Township in Pennsylvania, US

Greene Township is a township in Erie County, Pennsylvania, United States. The population was 4,486 at the 2020, down from 4,706 at the 2010 census.

==Geography==
Greene Township is in east-central Erie County, 10 mi southeast of downtown Erie. According to the United States Census Bureau, the township has a total area of 97.1 km2, of which 96.8 km2 is land and 0.3 km2, or 0.32%, is water.

==Demographics==

As of the census of 2000, there were 4,768 people, 1,724 households, and 1,379 families residing in the township. The population density was 127.0 PD/sqmi. There were 1,784 housing units at an average density of 47.5 /sqmi. The racial makeup of the township was 99.18% White, 0.08% African American, 0.19% Native American, 0.06% Asian, 0.17% from other races, and 0.31% from two or more races. Hispanic or Latino of any race were 0.25% of the population.

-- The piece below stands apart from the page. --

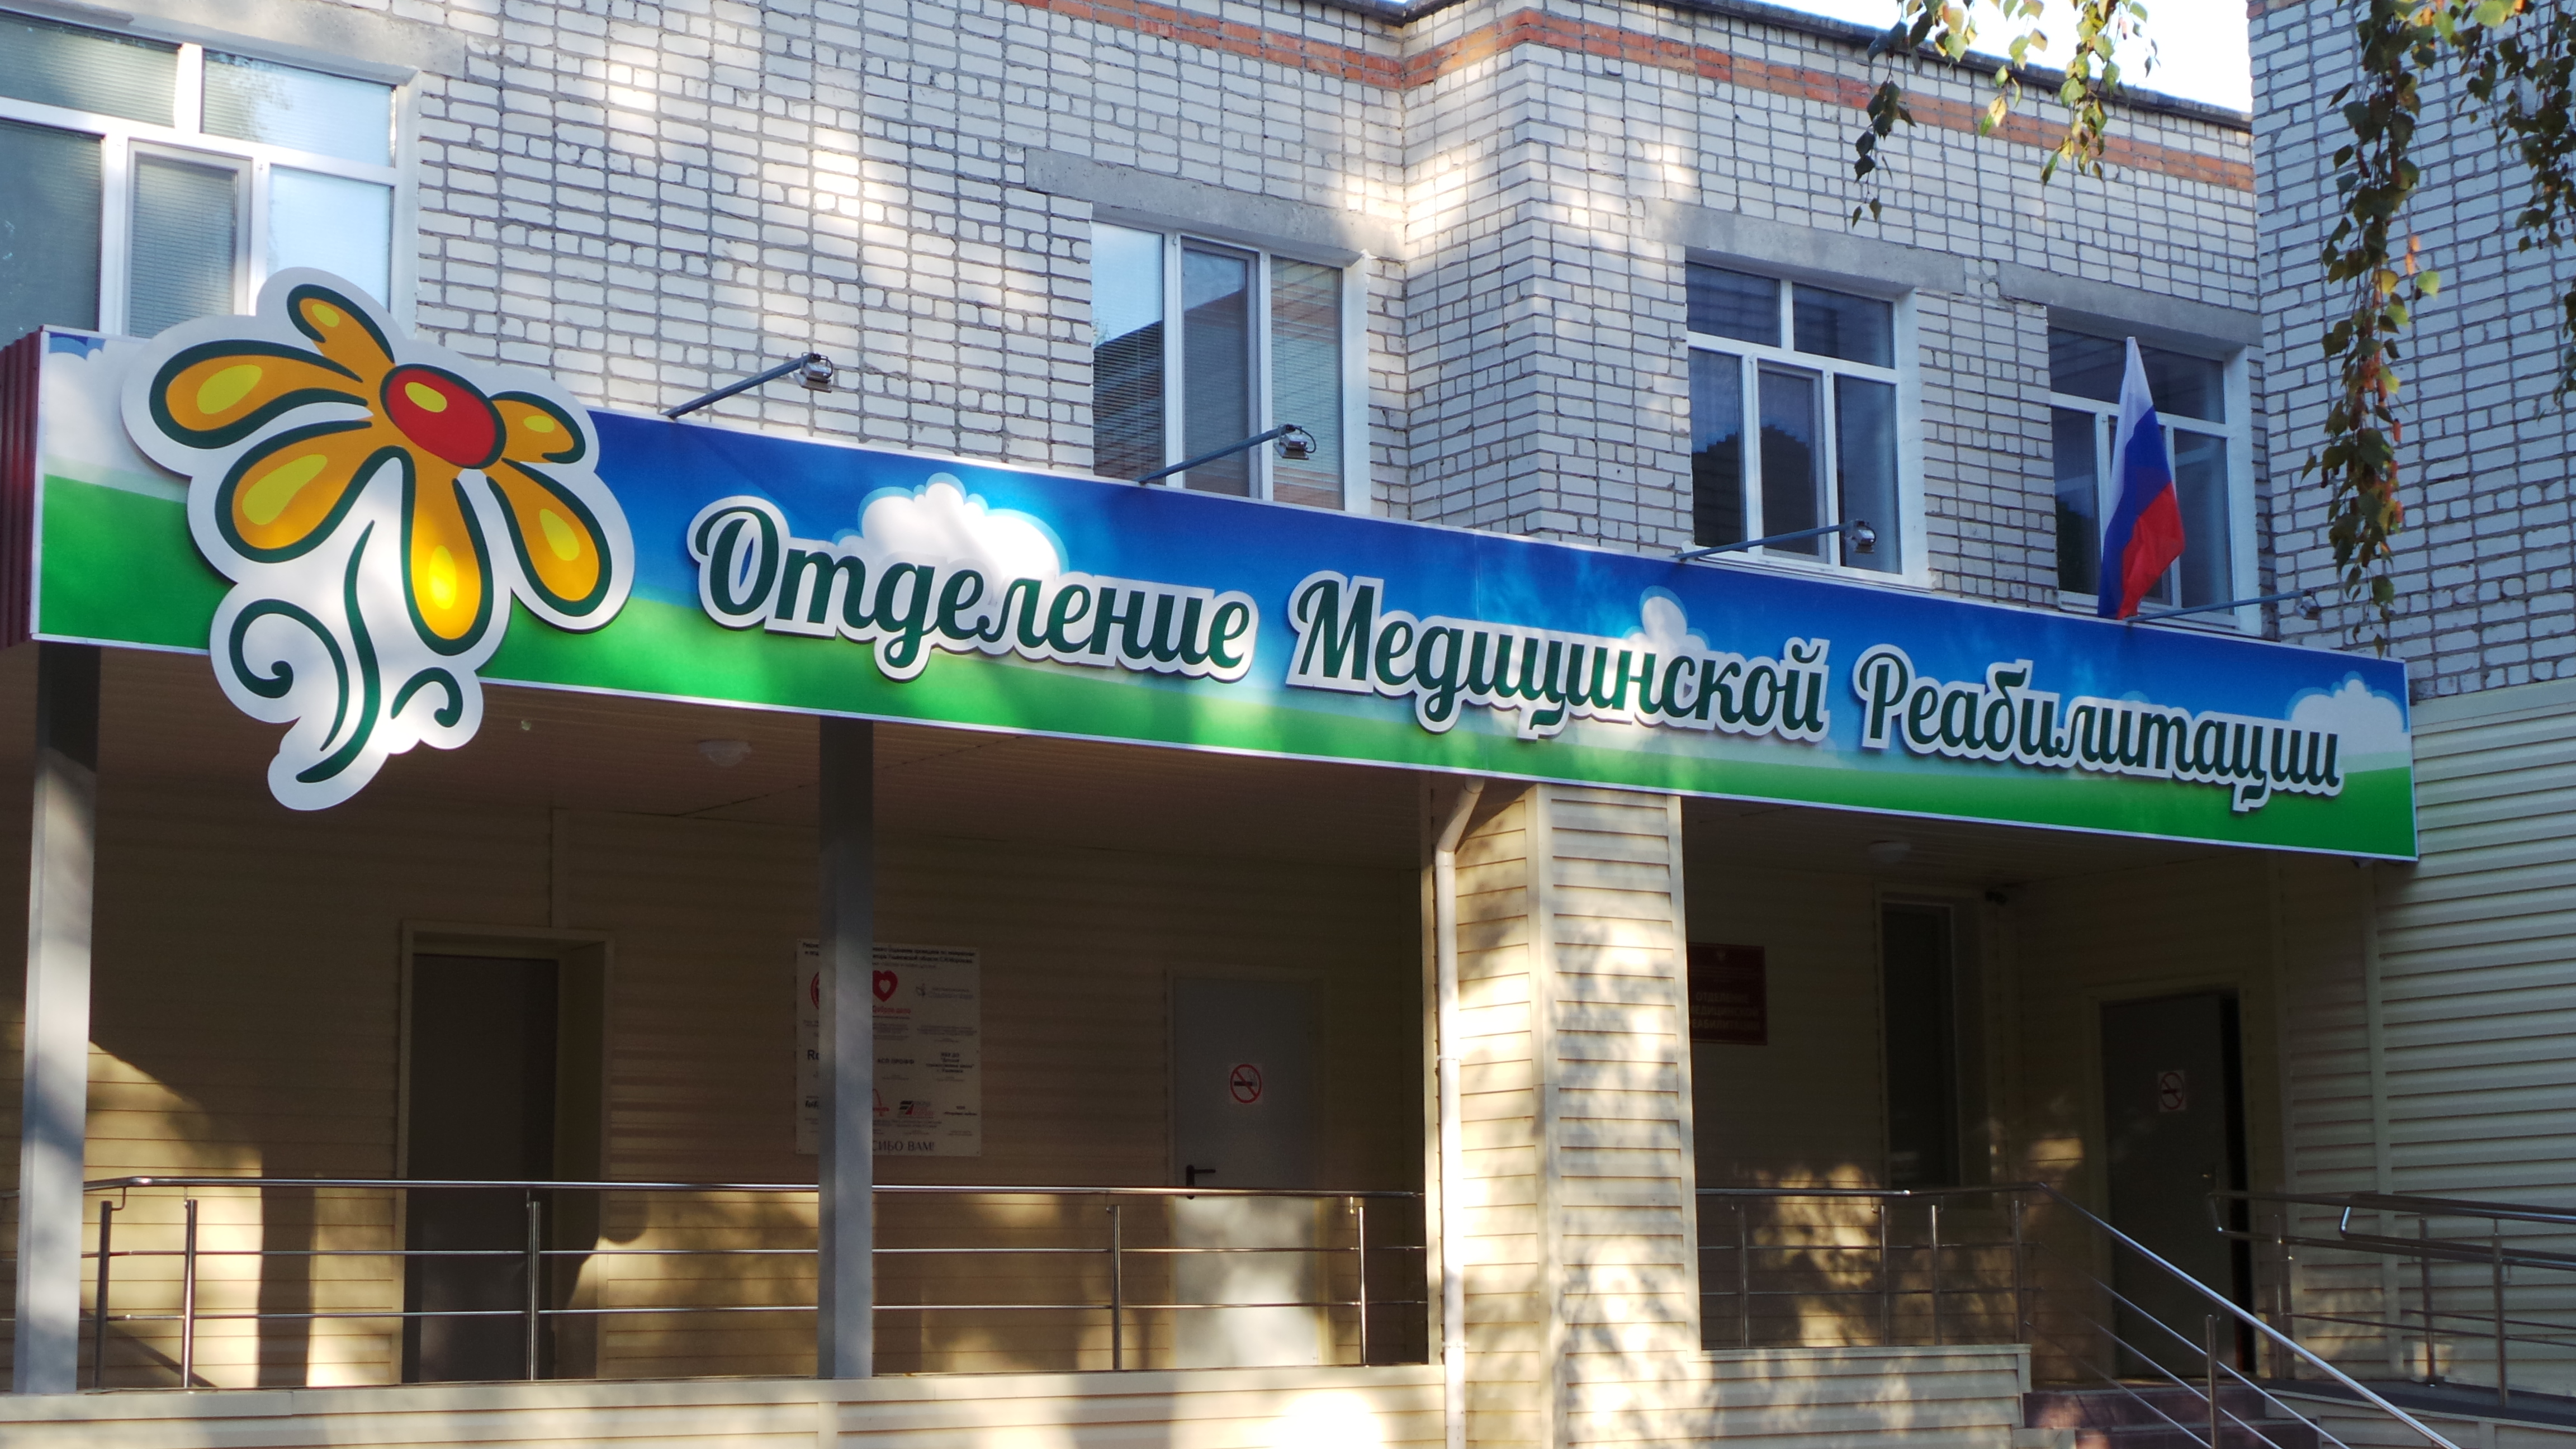 Врач областной детской больницы Елена Белькова рассказала об отделении медицинской реабилитации учреждения

There were 1,724 households, out of which 33.8% had children under the age of 18 living with them, 68.7% were married couples living together, 7.7% had a female householder with no husband present, and 20.0% were non-families. 16.8% of all households were made up of individuals, and 6.6% had someone living alone who was 65 years of age or older. The average household size was 2.76 and the average family size was 3.10.

In the township the population was spread out, with 25.4% under the age of 18, 6.9% from 18 to 24, 27.1% from 25 to 44, 28.0% from 45 to 64, and 12.7% who were 65 years of age or older. The median age was 40 years. For every 100 females there were 103.6 males. For every 100 females age 18 and over, there were 103.1 males.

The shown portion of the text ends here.